**EXERCISE:**
Reproduce exactly only the lines from the line that holds "SDガンダムワールド 三国創傑伝 焔虎譚 第8話 P9" to the line that holds "Haba Puzzle: Europe Map", inclusive, in the listing below, and please leave out every picture.

**DATASET RECORDS:**
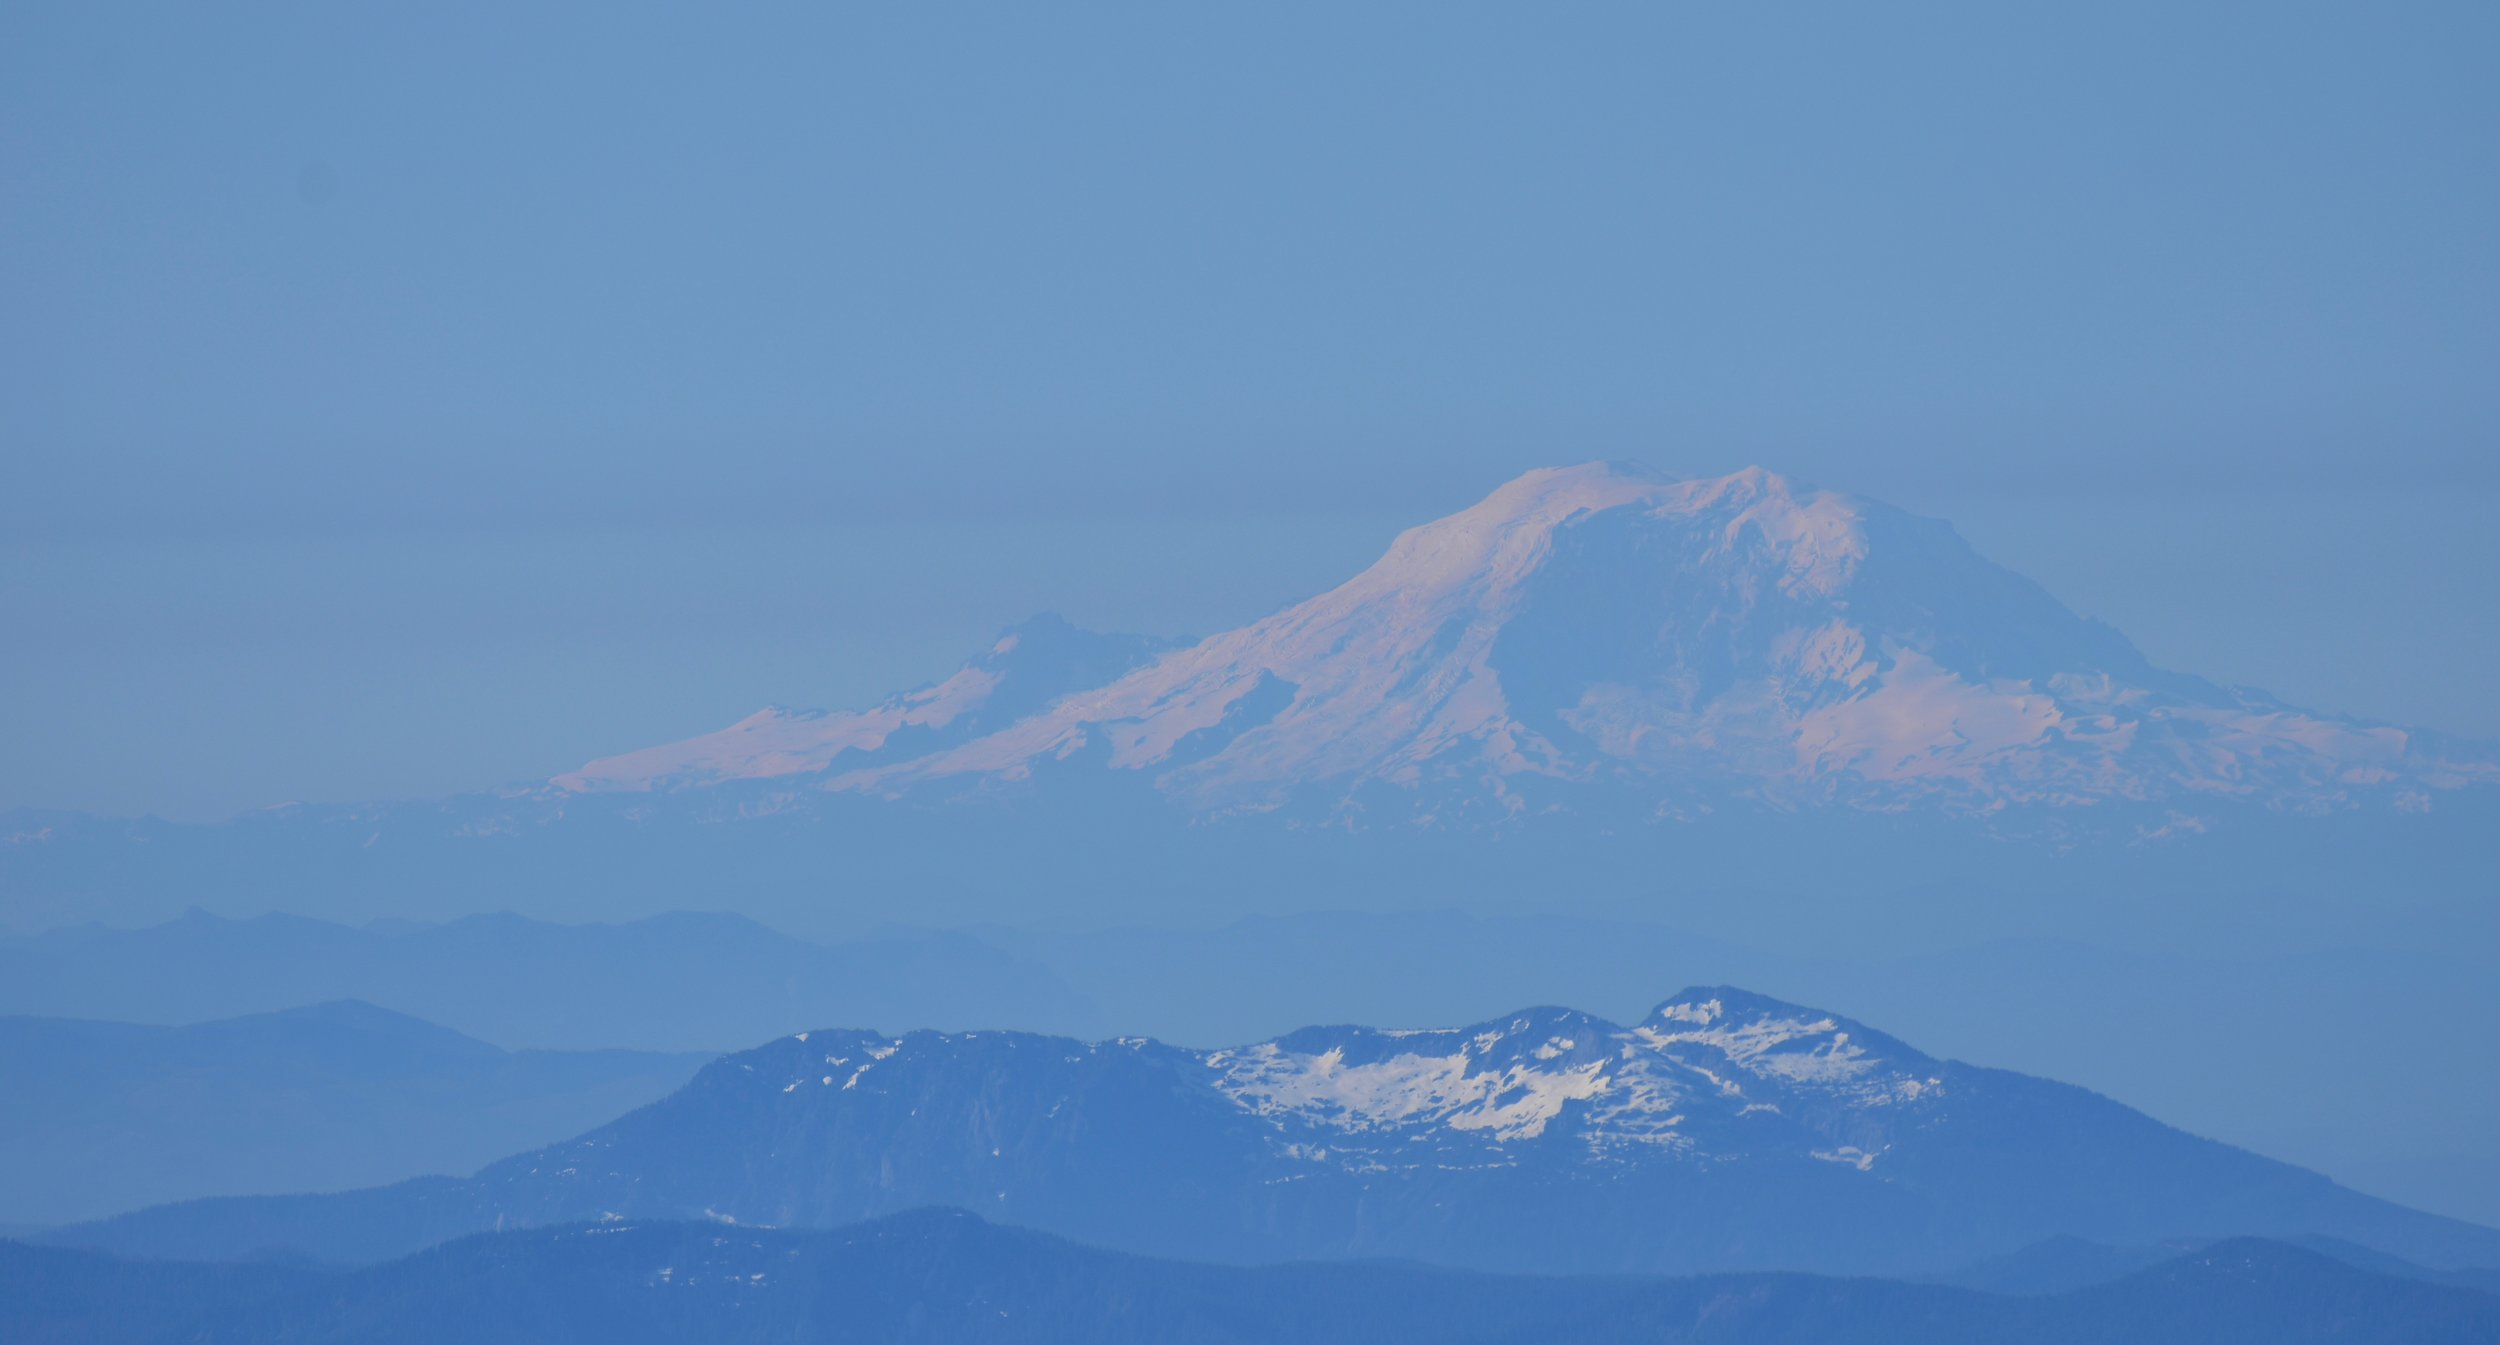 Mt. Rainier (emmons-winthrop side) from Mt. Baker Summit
...
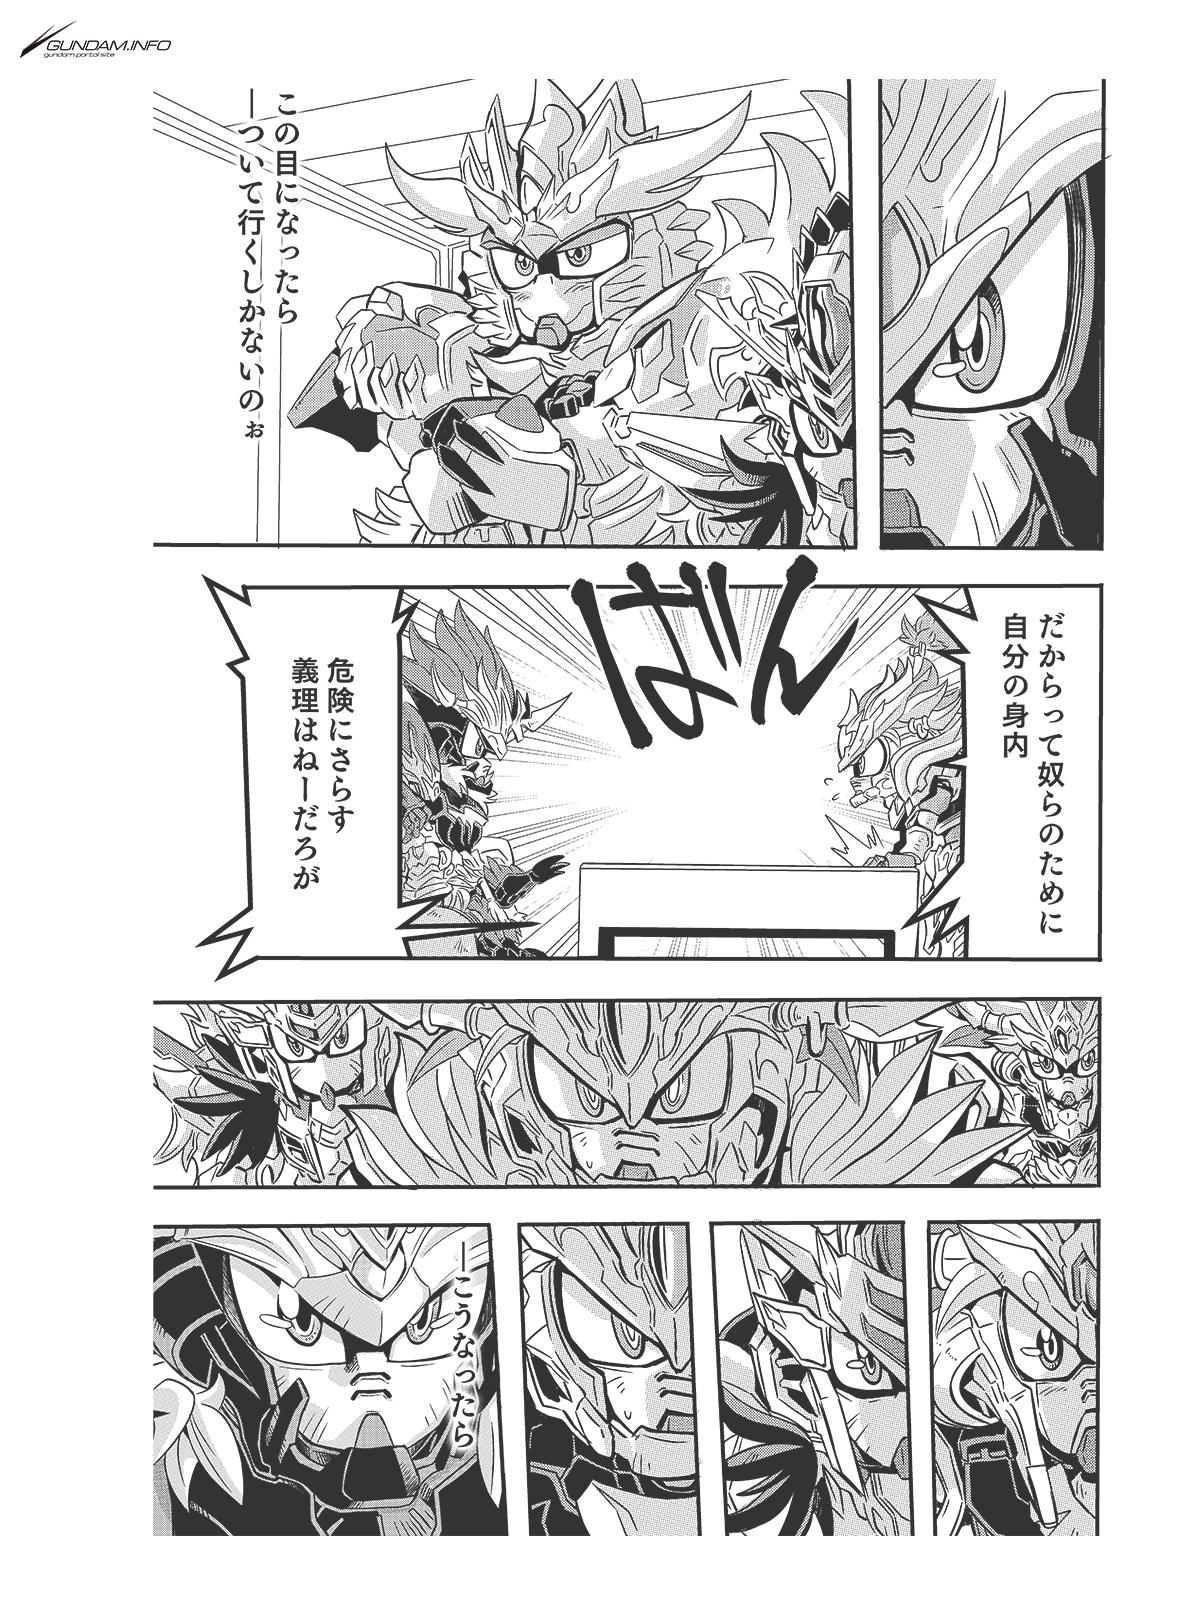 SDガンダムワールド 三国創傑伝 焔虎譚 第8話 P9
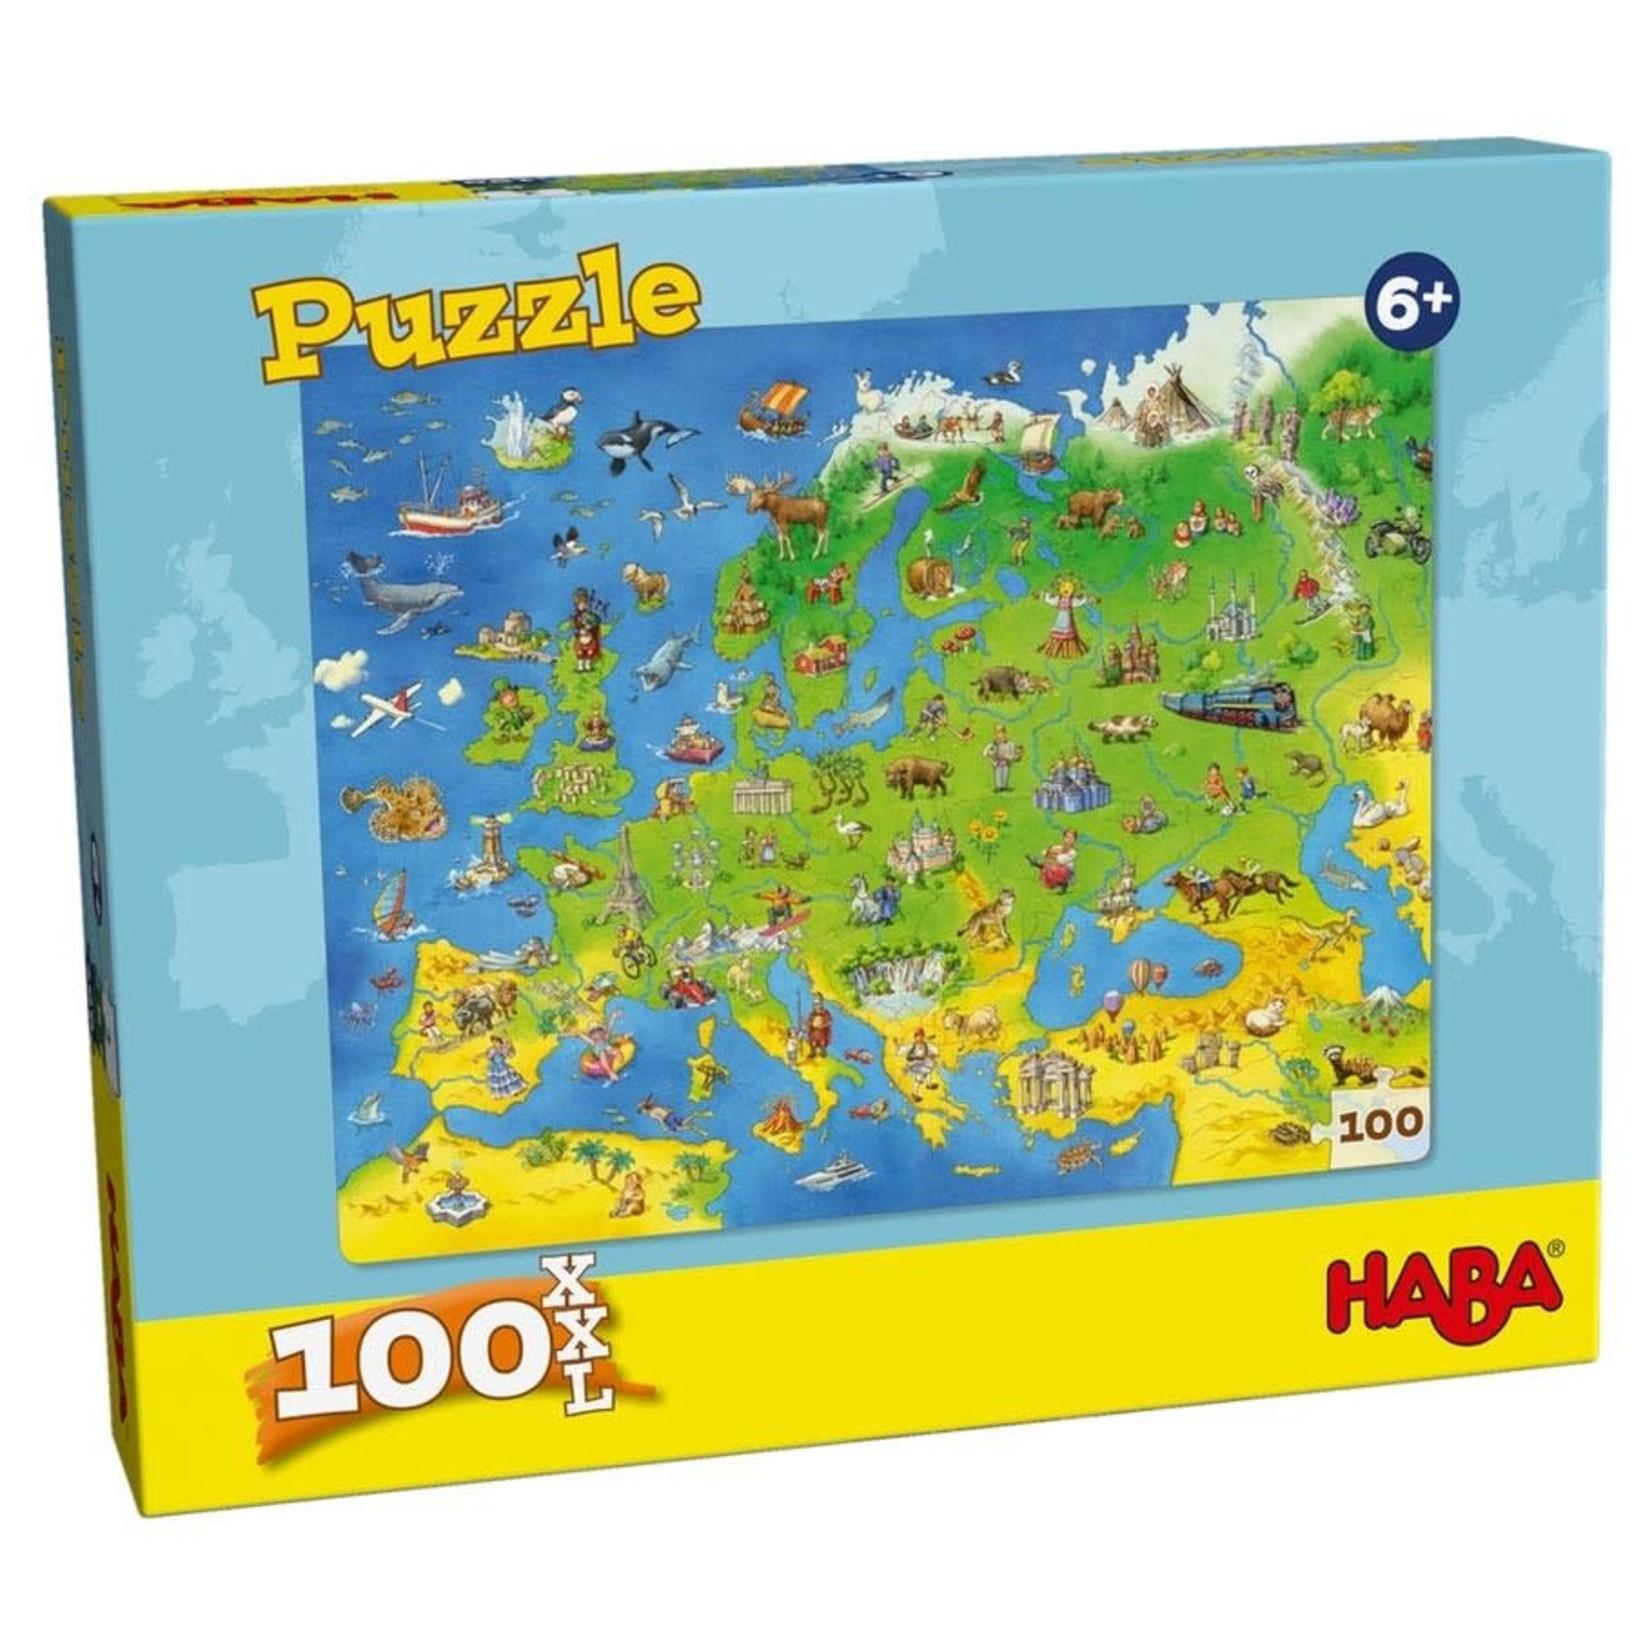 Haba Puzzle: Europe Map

**ANSWER TO THIS PROBLEM:**
 SDガンダムワールド 三国創傑伝 焔虎譚 第8話 P9
 Haba Puzzle: Europe Map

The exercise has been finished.